Jésus arrive à Naïm au moment où l’on emporte un mort pour l’enterrer. Ce défunt n’est pas n’importe qui. C’est le fils unique d’une veuve. En donnant ces précisions, Luc signifie que Jésus rencontre sur sa route le symbole de la misère humaine : une veuve qui a perdu son dernier soutien en la personne de son fils unique. On devine la souffrance de cette femme, ses angoisses intérieures très lourdes face à un avenir plus qu’incertain. Jésus voit immédiatement la situation de cette femme. Il est saisi de compassion, s’arrête devant elle, Elle ne demande rien. Ses pleurs ont suffi pour le toucher.  « Ne pleure pas. » lui dit-il. Comme s’il voulait révéler à tous le sens profond de sa mission, il s’approche du cercueil et ajoute. à l’intention du mort : « Jeune homme, je te lordonne, lève-toi. »Le mort se lève et Jésus le rend à sa mère.
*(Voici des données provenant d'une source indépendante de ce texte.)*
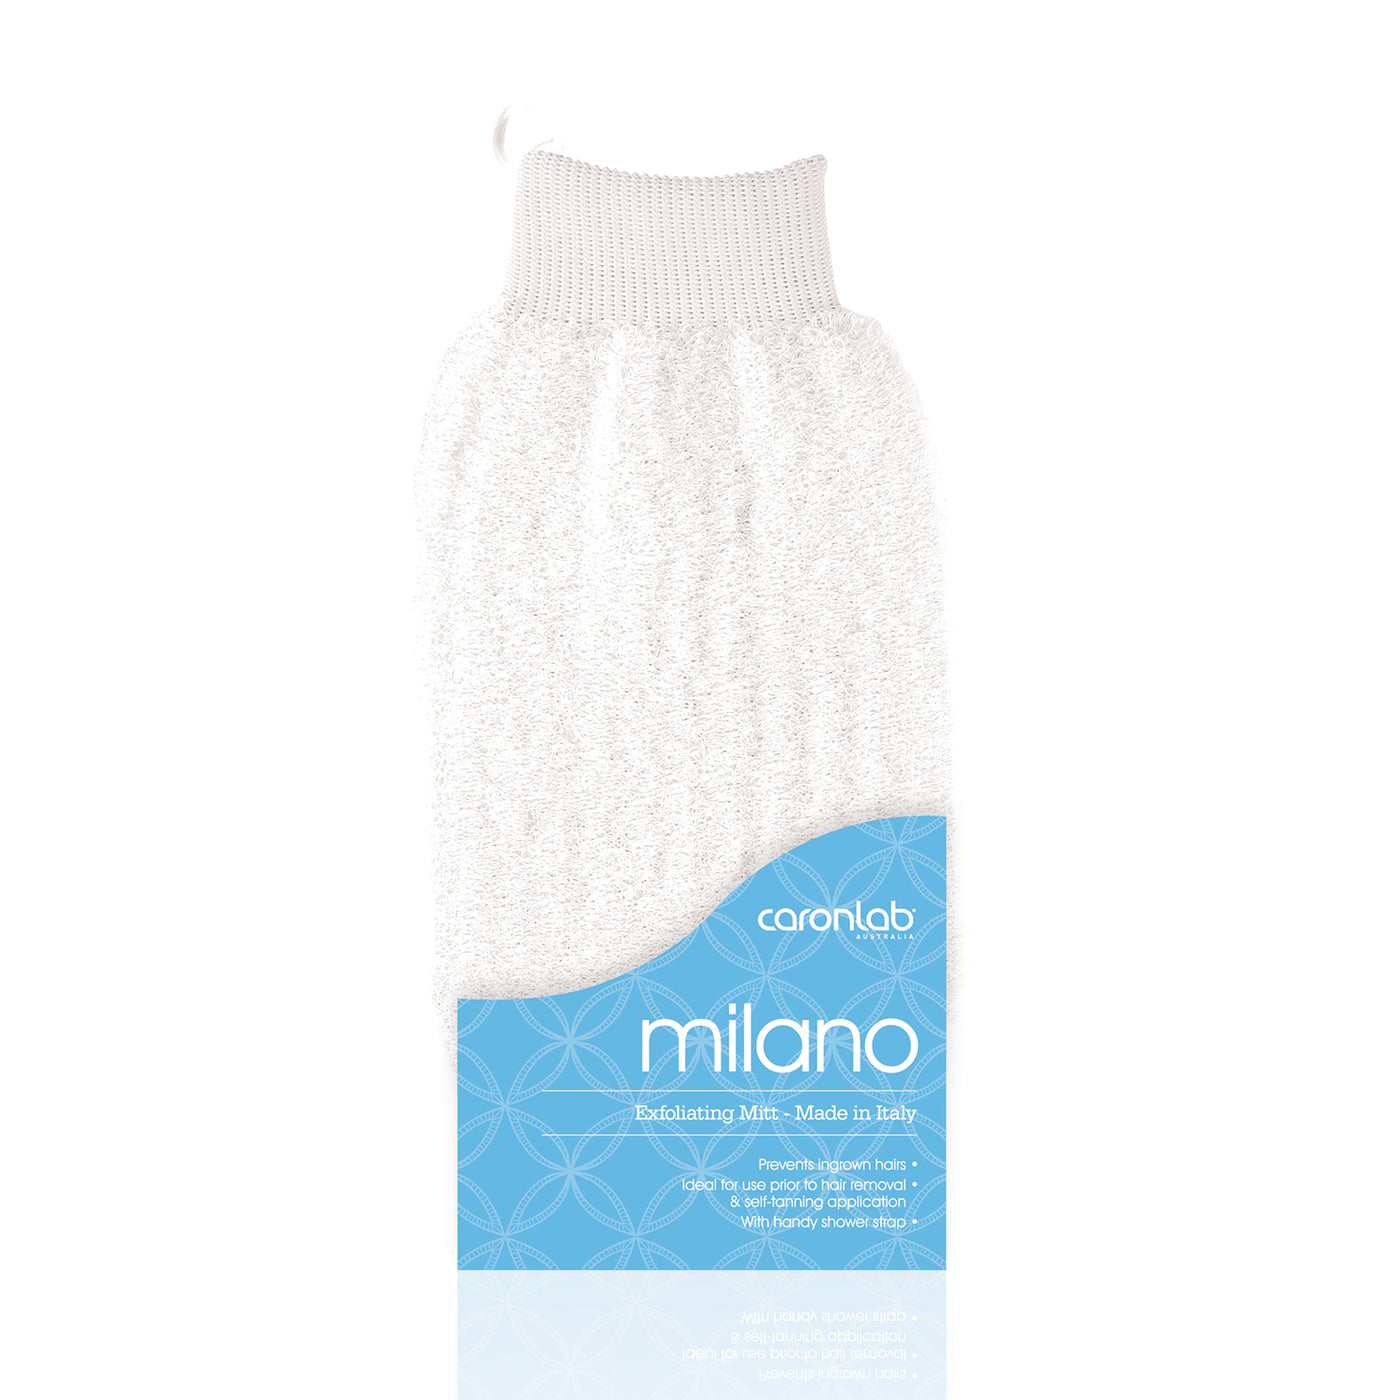 Caronlab Milano Exfoliating Massage Mitt white

Un tel récit suscite nécessairement une question du genre : « Comment y croire ? » Nos esprits cartésiens formés à une culture scientifique, peinent à croire aux miracles de l’Evangile. Beaucoup les laissent simplement de côté pour s’intéresser plus directement au message apporté par Jésus. Essayons de comprendre. Il faut se souvenir ici que les récits rapportés par les évangélistes ont une fonction très précise qui peut effectivement jouer avec les symboles biblique. Comme les autres, Luc rapporte des miracles ou des signes dont le but est double. D’une part, il veut éclairer le visage de Jésus pour inviter son auditeur ou son lecteur à entrer dans la foi ou à se positionner par rapport à lui. D’autre part, il veut permettre au croyant de découvrir, sur le visage de Jésus, le visage de Dieu qui se révèle en lui. La compassion de Jésus pour cette veuve manifeste la compassion de Dieu pour tous les éclopés de la vie, les plus petits, les miséreux, pour toi, pour moi chaque fois que nous sommes au fond du trou.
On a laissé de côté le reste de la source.